I Built a Product in 20 Hours That Didn't Exist on Friday Night

March 27, 2026
#ai #building #mockdeskai #startup

Last weekend I spent 20 hours building a product from scratch. By Sunday night I had a working Electron desktop app that lets sales reps in the decorated apparel industry edit professional PSD designs with AI — change text, swap colors, adjust fonts, toggle layers — without opening Photoshop and without waiting two weeks for the art department to turn around a simple proof edit.

The product is called MockDeskAI. It shipped as v0.1.1-beta on GitHub Releases. A real person saw the demo. And I threw away three complete architectures to get there.

This is the honest story of what that weekend looked like.

Friday Night: The Problem

I work in wholesale telecom by day, but I have a connection in the decorated apparel industry — a space worth $30-40 billion with 150,000 to 260,000 sales reps in North America alone. The problem is painfully simple: sales reps need to show clients what their logo looks like on a hat, a polo, a jacket. To do that, they send a design request to the art department, wait days or weeks for a proof, get feedback, send revisions, wait again.

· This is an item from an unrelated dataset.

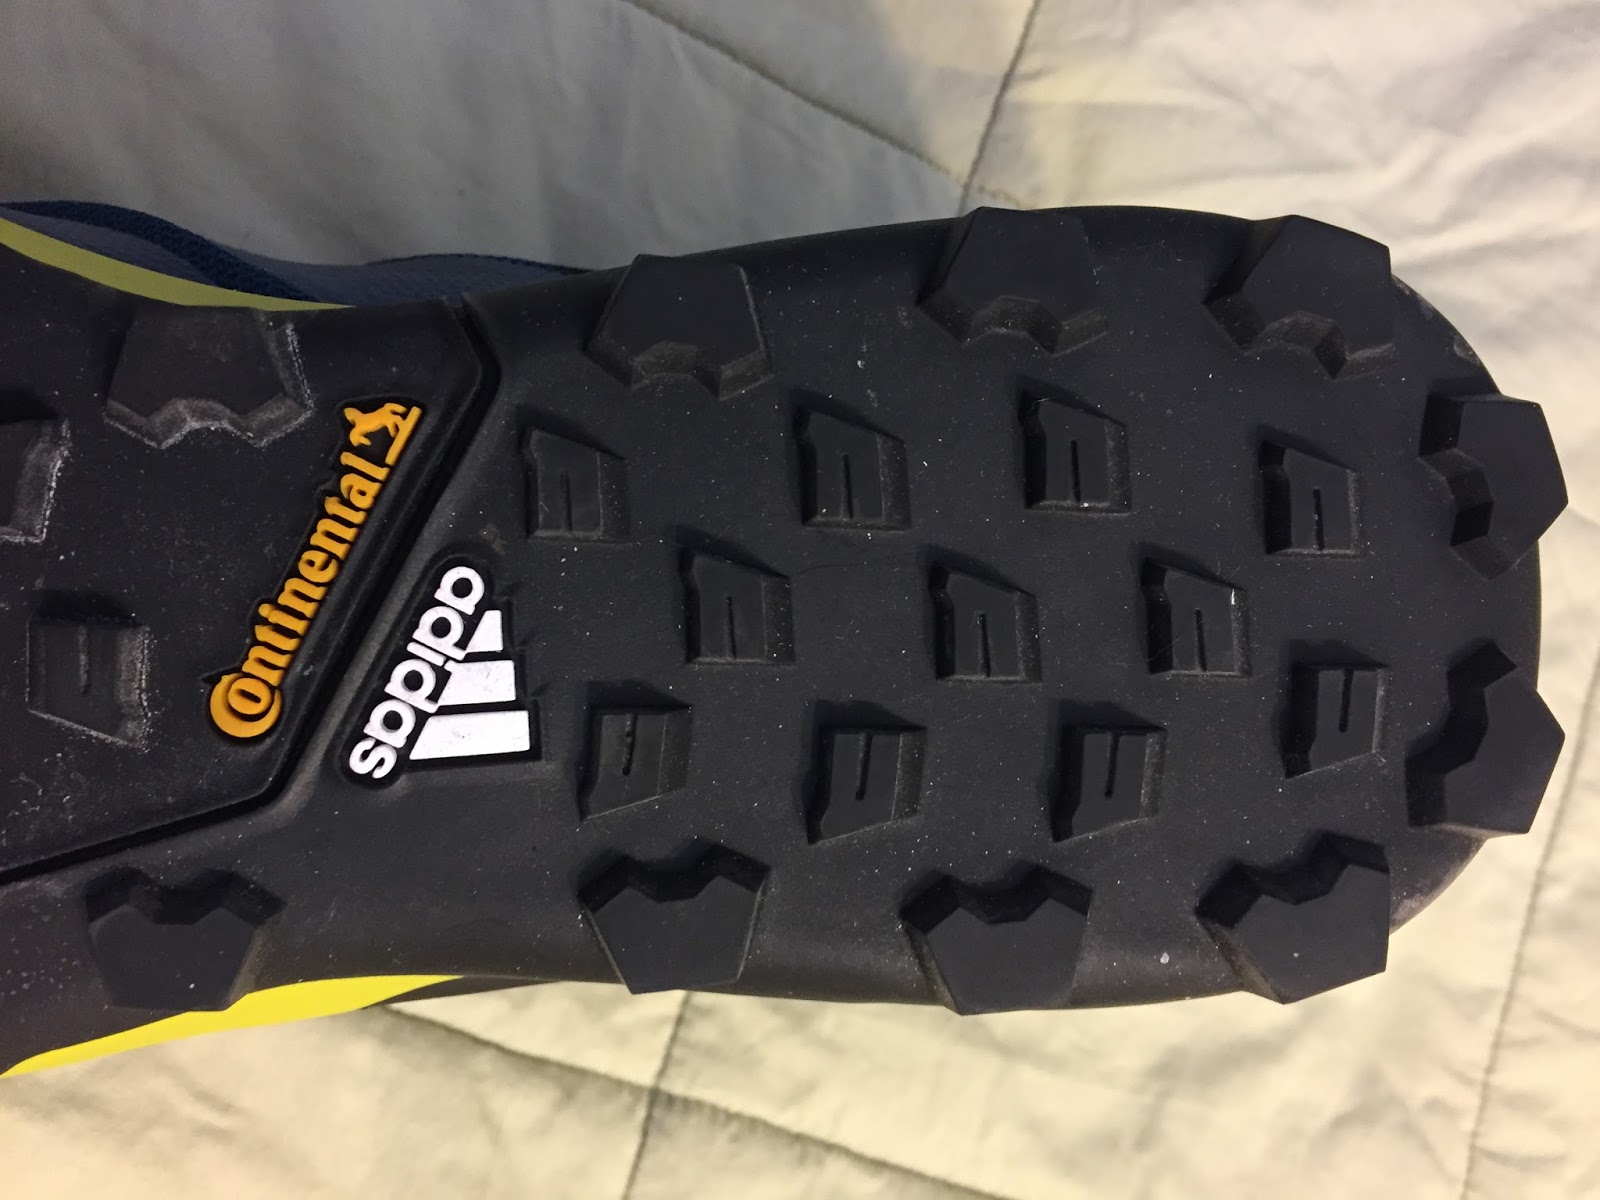 emocionante escanear apaciguar Road Trail Run: adidas Terrex Trailmaker - Up Tempo Trail Trainer/Racer  with Amazing Grip and Versatility

For a simple text change — updating a company name, adjusting a phone number — this cycle is absurd. The rep knows exactly what needs to change. They just can't do it themselves because the designs are locked inside Photoshop files that require expensive software and technical skill to edit.

That's the gap. An AI-powered tool that lets non-designers make simple edits to professional PSD files, using natural language instead of Photoshop.

I'd been circling this idea for weeks. Friday night I decided to stop thinking and start building.

Saturday Morning: Architecture #1 — Rust Native PSD Engine

My first instinct was to go as close to the metal as possible. I started with a Tauri desktop app (Rust backend, web frontend) and built a native PSD engine using Rust's psd crate for parsing and fontdue for text rendering.

By mid-morning I had text extraction working. I could read every text layer from a professional PSD file — the kind of 300-500MB production files that art departments work with daily. Layer names, positions, font sizes, colors, all of it.

Then I tried to write text back.

This is where I hit the wall. PSD text is stored in a format that requires maintaining seven or more cascading length fields that reference each other. No library in any language — Rust, Python, JavaScript, C++ — reliably writes PSD text data. The format was designed by Adobe for Adobe, and nobody has fully reverse-engineered the text rendering pipeline.

I spent two hours confirming this across every PSD library I could find. The Rust engine could read perfectly. It could not write. Dead end.

Time spent: ~4 hours. Result: abandoned.

But not wasted. I now knew definitively that native PSD text writing was off the table, which eliminated an entire category of approaches and focused the search.

Saturday Afternoon: Architecture #2 — SaaS Web App

If I couldn't write PSD text natively, I needed a library that could. The only one that reliably reads AND writes PSD text is ag-psd, a JavaScript library. So I pivoted to a web-based approach.

I built a Next.js app with ag-psd running in a Web Worker for client-side PSD processing. Upload a PSD, see all the layers, edit text through an AI chat interface, export the modified file. Deployed it to Vercel.

It worked. The PSD rendering was clean, the edits were accurate, and the whole thing ran in the browser.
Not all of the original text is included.